Выходят из дома, видят реб Шулима под нависшими апельсинами, в глубинах своей отрешенности. Финкель проверяет привычно: четыре, всё еще четыре, к вечеру запишет:
«…у реб Шулима черная точка в глазу; хлопотливая букашка зависает на краю зрения, чтобы сорваться с места, шустро перепорхнуть на дерево, с дерева на дом, с дома на облако. „К этому привыкают, — успокоил глазной врач. — Перестают замечать“. Но он привыкать не желает. Сказала та, чье прощение не вымолить: „Живешь не в себе, Шулим, живешь рядом, будто отстегнутый. Лишь бы не отвечать за себя, не отвечать за меня, годы перетерпеть — тихой тенью по стеночке“. — „Я звал, но ты не пришла“. — „К кому было приходить, Шулим? К тому, кто снаружи, или к тому, кто внутри?“ — „Хотелось как лучше“. — „Как лучше, хотелось и мне…“»
Женщина разместилась в будке, распирая ее изнутри, торгует лотерейными билетами, и остается гадать, как она втиснулась в тесное пространство.
— Ставлю ему бутылку — выжрал. Ставлю другую — то же дело. Дак с моих доходов не напасешься.
Топчется у окошка мужичок с неизбывной жаждой в груди, спрашивает старого знакомого:
— На взлет?
— На прогулку, — отвечает Финкель. — Город раскидистый, есть на что посмотреть.
— Может, и мне с вами?.. — размышляет мужичок. — Дала бы на автобус.
— Заработай сперва, — отвечает неласково из будки.
— Сказала… До работы надо еще доехать, а у меня на билет нету.
— Не дам, — говорит решительно. — Пропьешь.
Мужичок оглядывает ее мутным взором, с неким, казалось, ошеломлением, затем сообщает:
— Баба моя, поперек себя баба! Таежная, из промысловых, нигде не пропадет! Ты ее в пустыню закинь, в вечную мерзлоту, она и там извернется, мужику заработает на прокорм. Думаю даже так: скинуть ее с тридцатого этажа, упадет на лапы. Точно тебе говорю: баба — она живучая.
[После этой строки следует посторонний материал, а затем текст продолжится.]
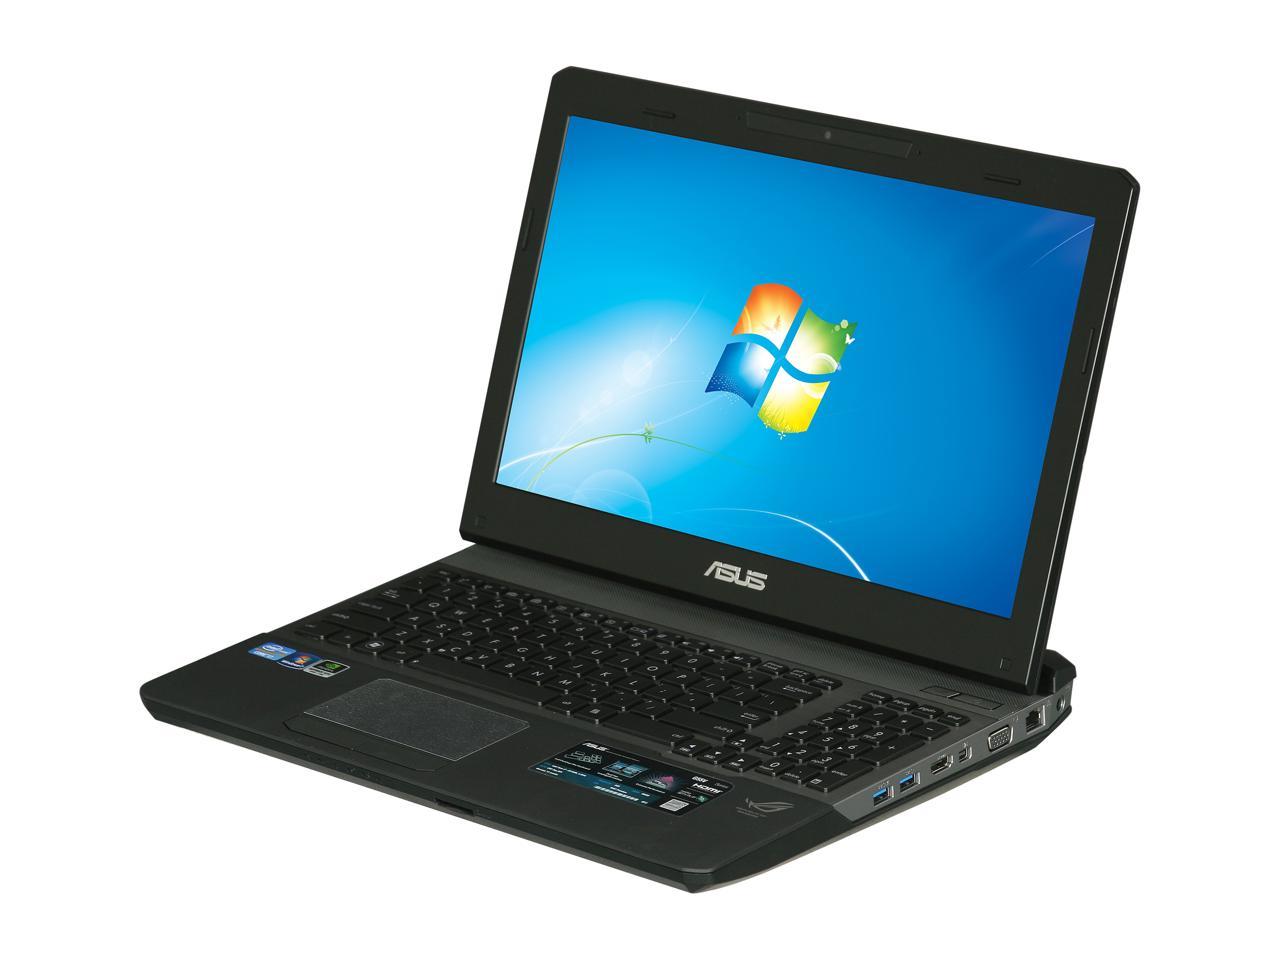 ASUS Laptop Intel Core i7 3rd Gen 3610QM (2.30GHz) 8GB Memory 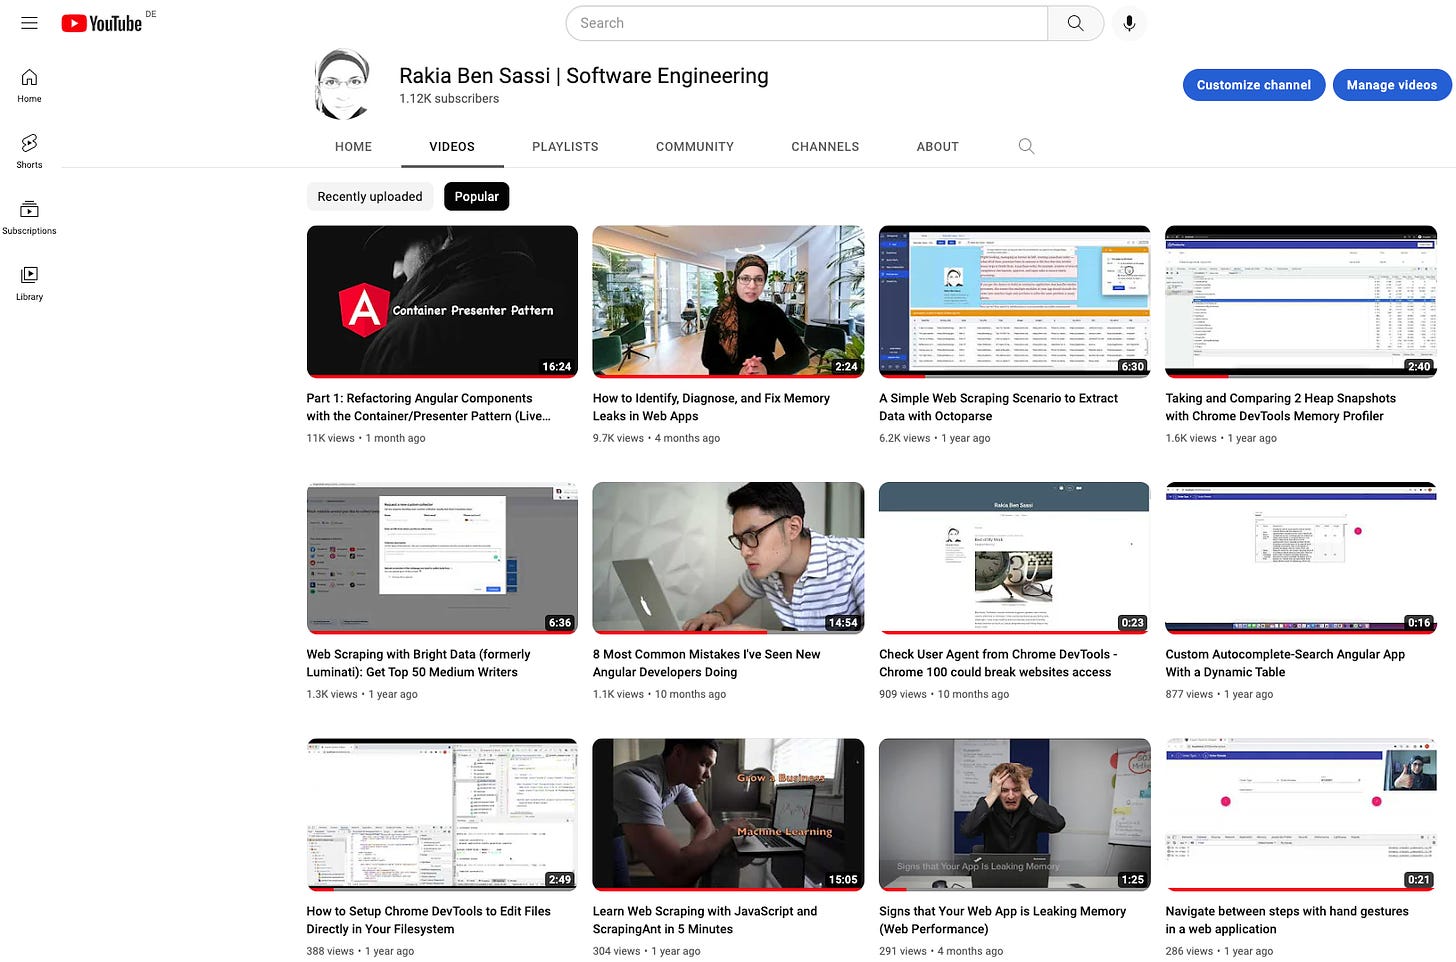 My YouTube channel: Rakia Ben Sassi - Software Engineering

Осматривает придирчиво женщин на улице:
— Здешние не такие. Куда против моей.
Автобус увозит их в город, мужичок вздыхает вослед:
— Матери бы послать… Доллара два. Душа болит за мать…
3
— Нам сходить? — спрашивает Ая.
— Через две остановки.
— Зачем же встали у дверей? Так рано.
Хороший вопрос, сгодится на обдумывание: отчего мы совершаем то, что совершаем? Ответ может быть таков: «Состарилось, уходит поколение, срок отбывавшее при скудости-стеснениях. Не изготовят. Не завезут. Не подпустят. Не выложат на прилавок. Автобус не остановится, остановится — не откроют двери, откроют — не успеешь сойти…» Возможен и иной ответ, если он, конечно, существует.